Required work: Please set out each line below exactly as it stands, without the images.

Data section:
----------------------------------------
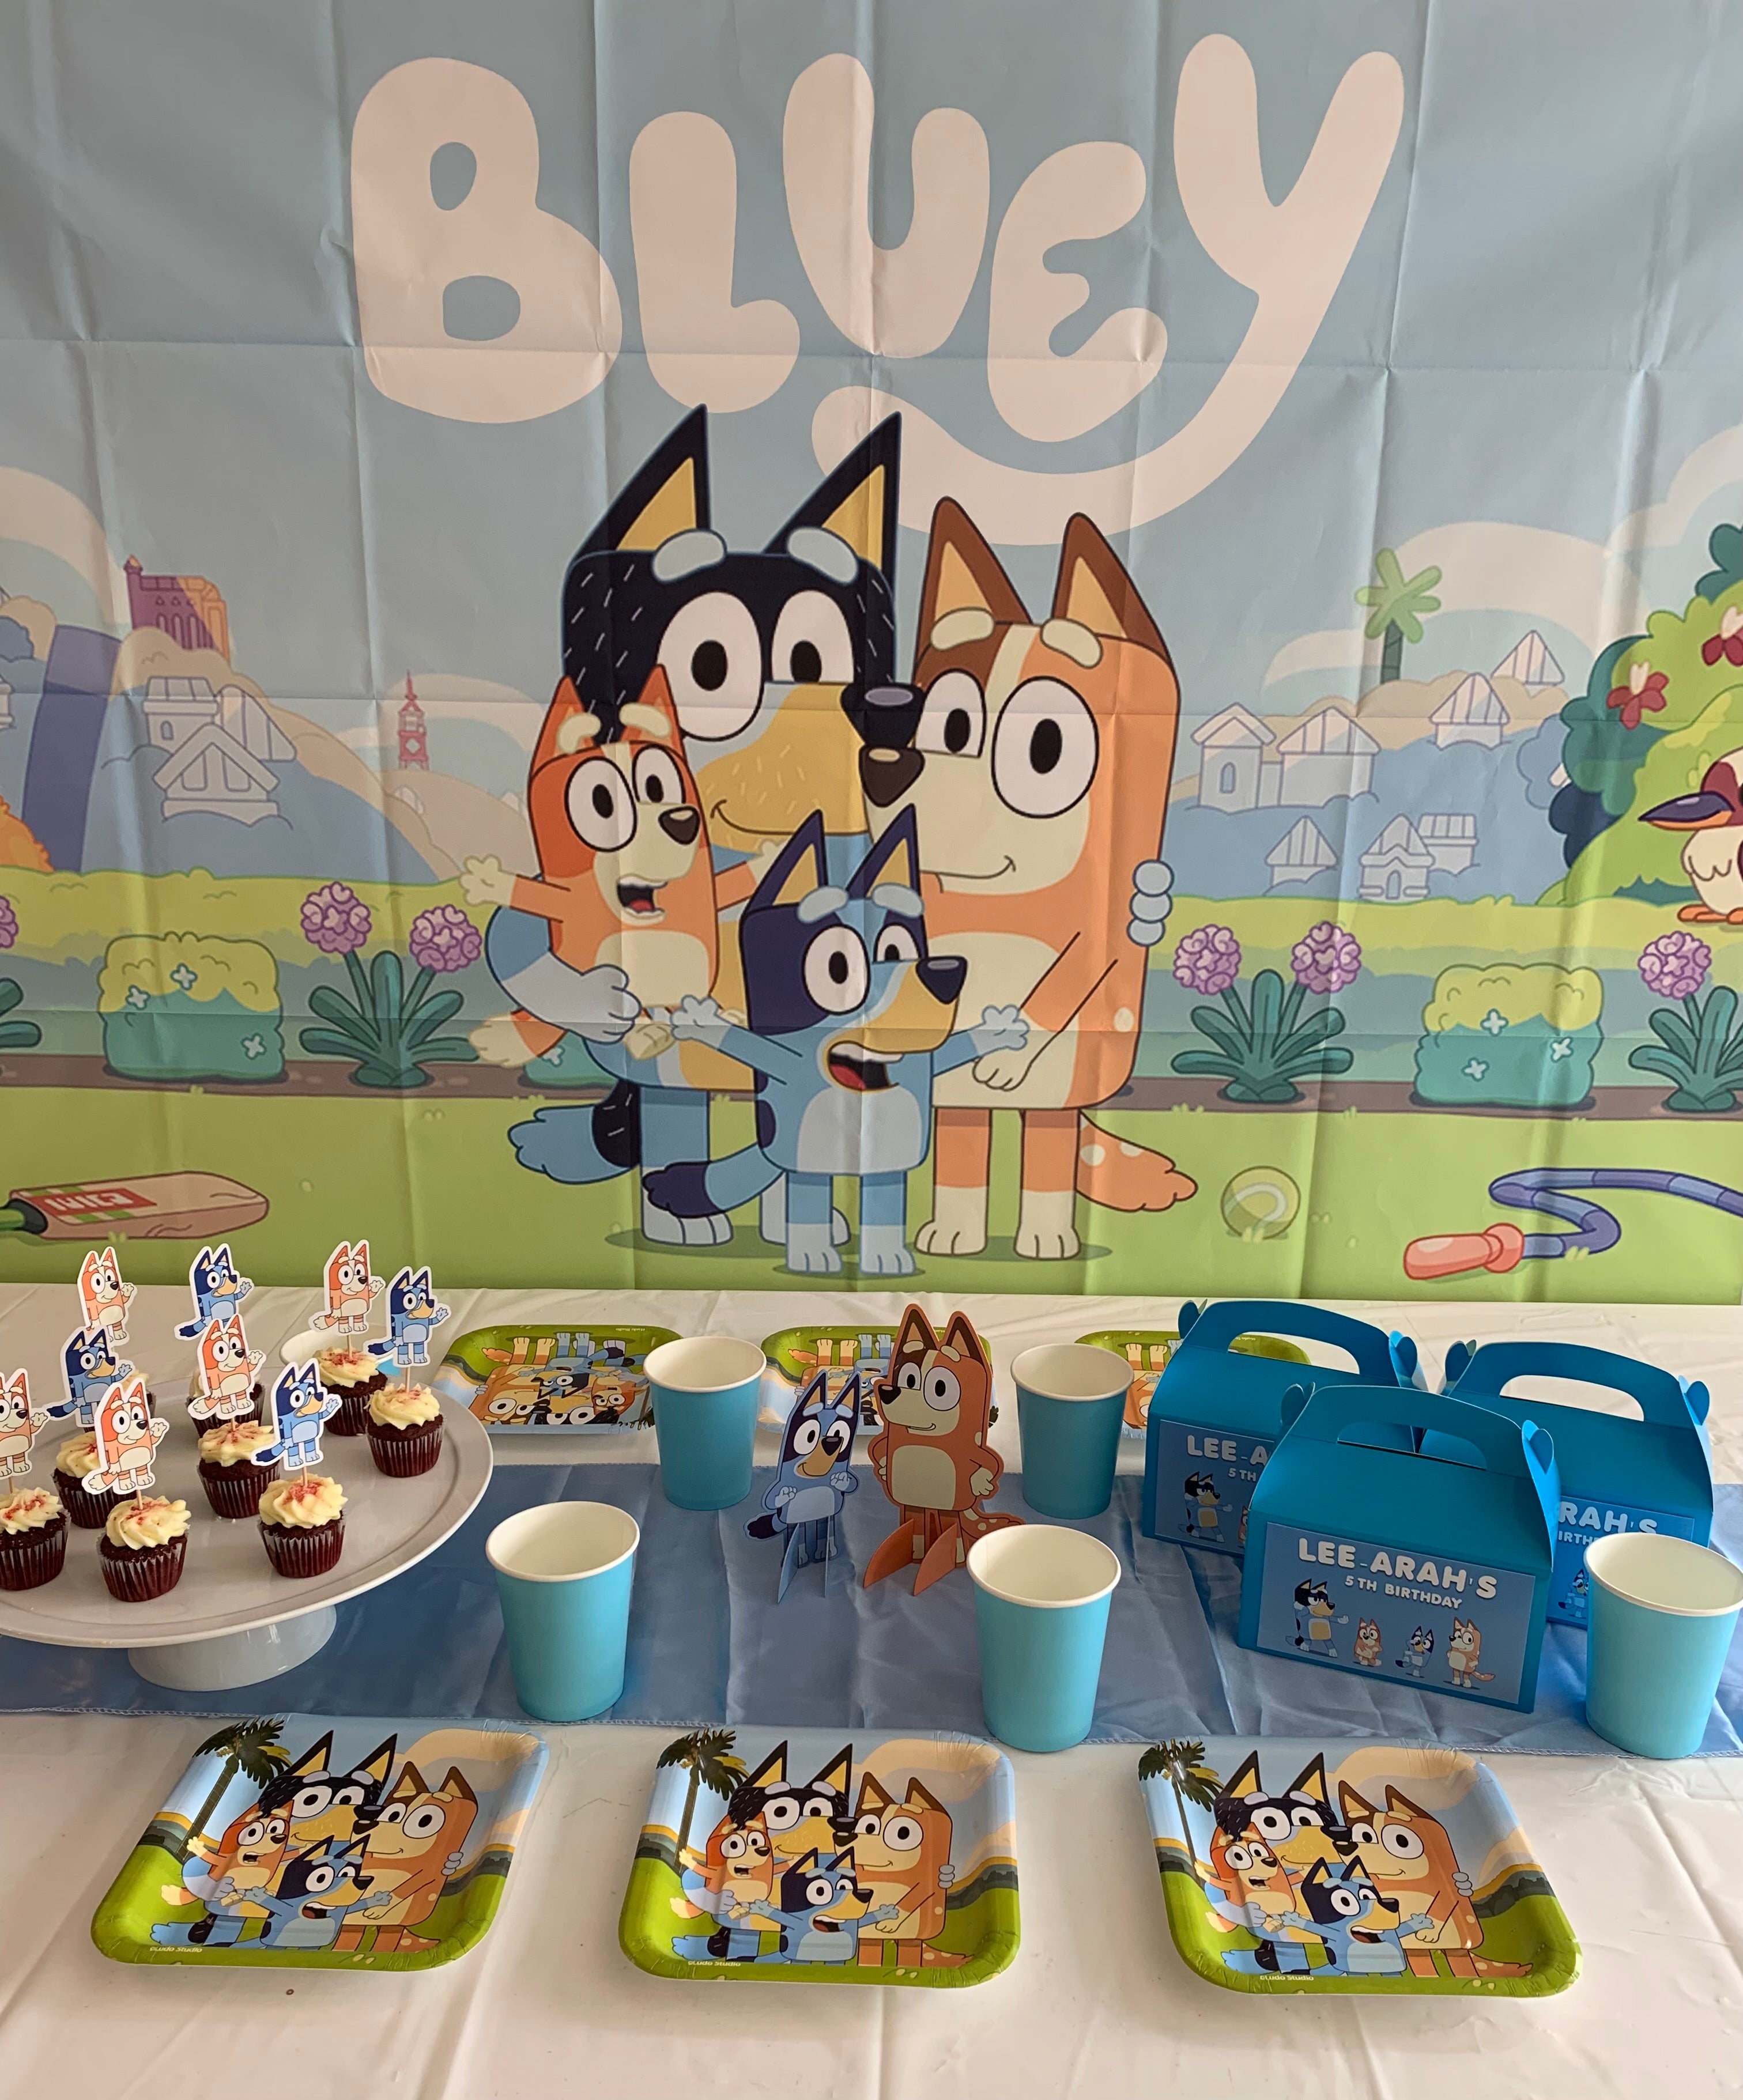 Make Your Own Bluey And Bingo Balloons At Home  2nd birthday party themes,  6th birthday parties, Birthday party themes
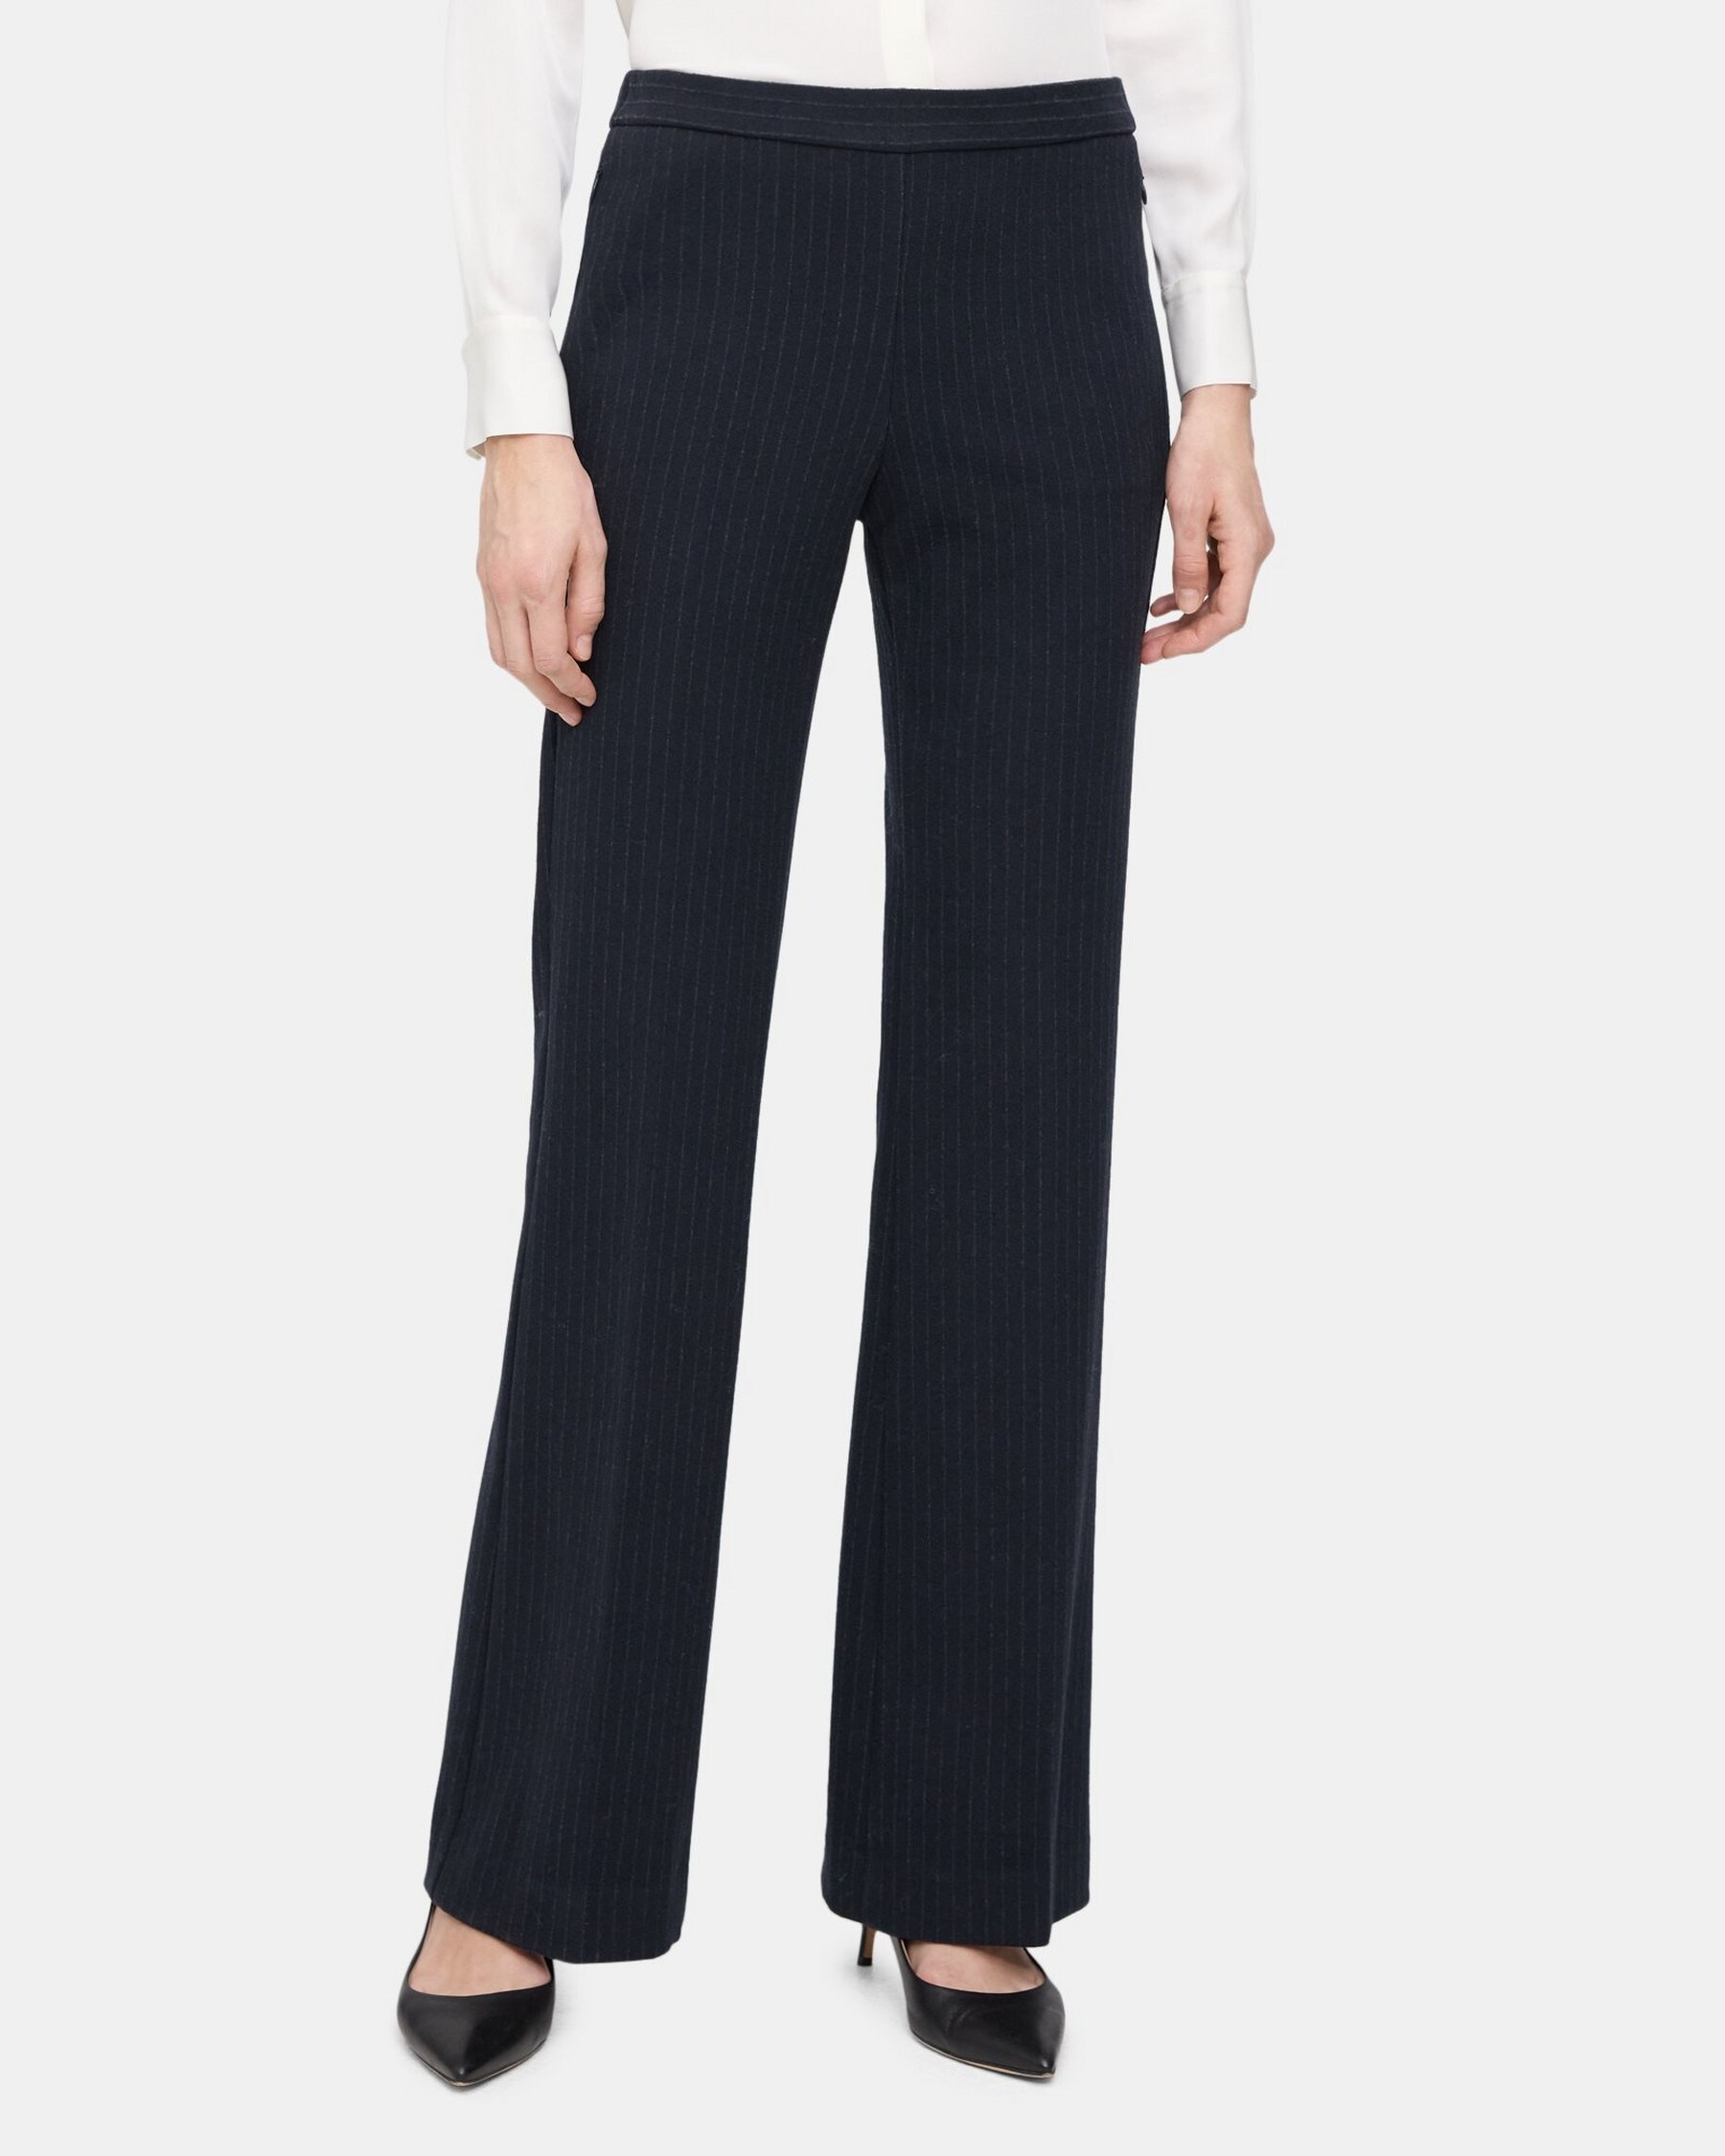 Theory Flare Pant in Pinstripe Knit
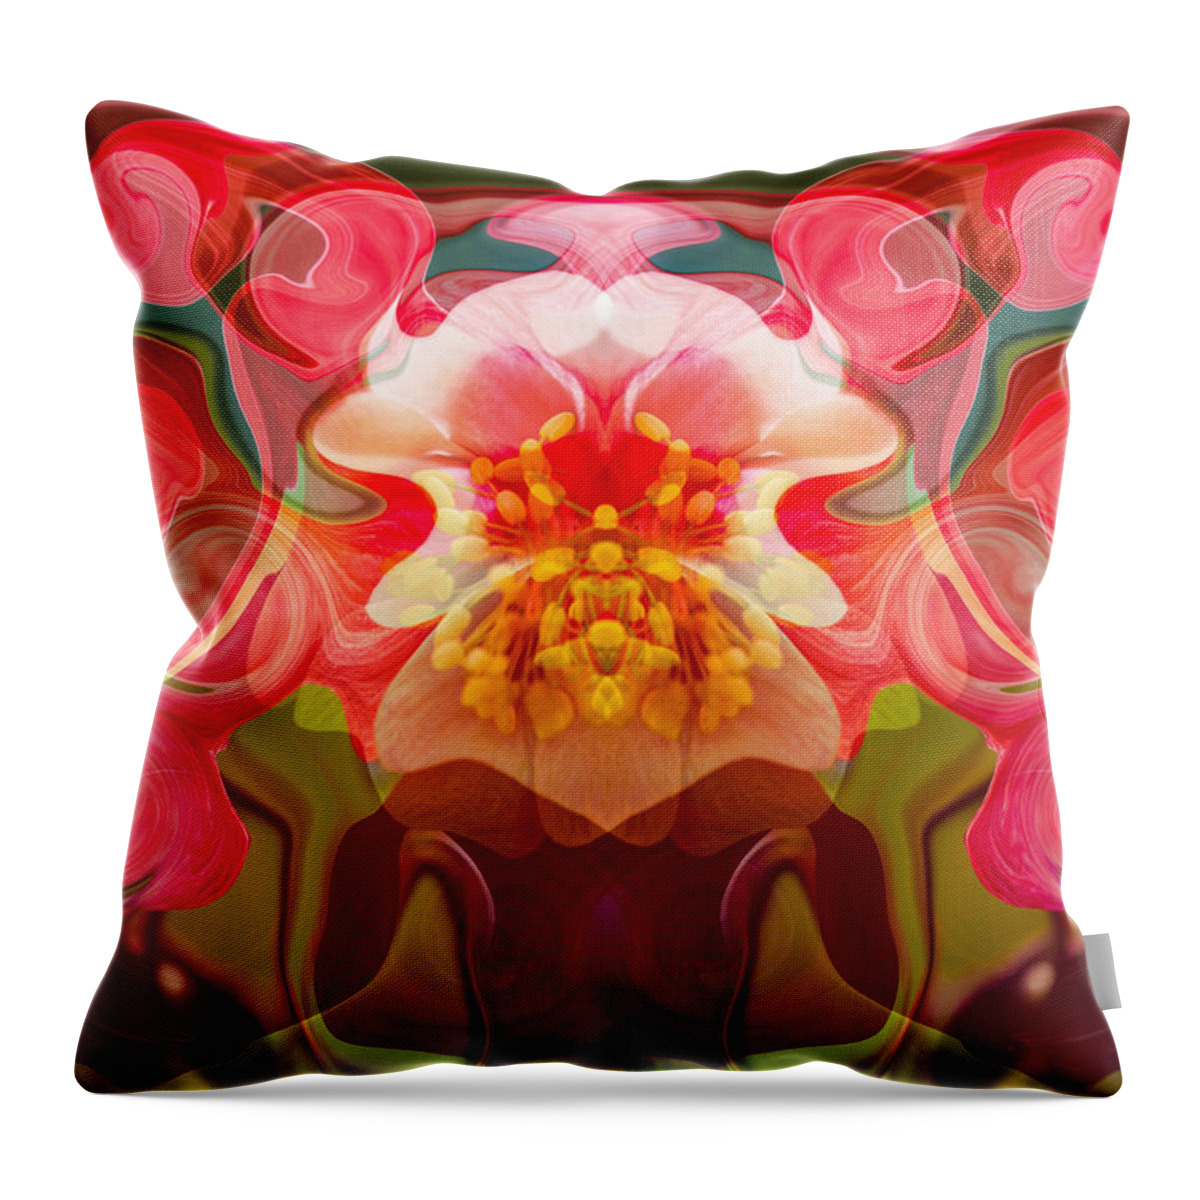 Abstract Throw Pillow featuring the painting Flower Child by Omaste Witkowski
----------------------------------------
Final answer:
 Make Your Own Bluey And Bingo Balloons At Home  2nd birthday party themes,  6th birthday parties, Birthday party themes
 Theory Flare Pant in Pinstripe Knit
 Abstract Throw Pillow featuring the painting Flower Child by Omaste Witkowski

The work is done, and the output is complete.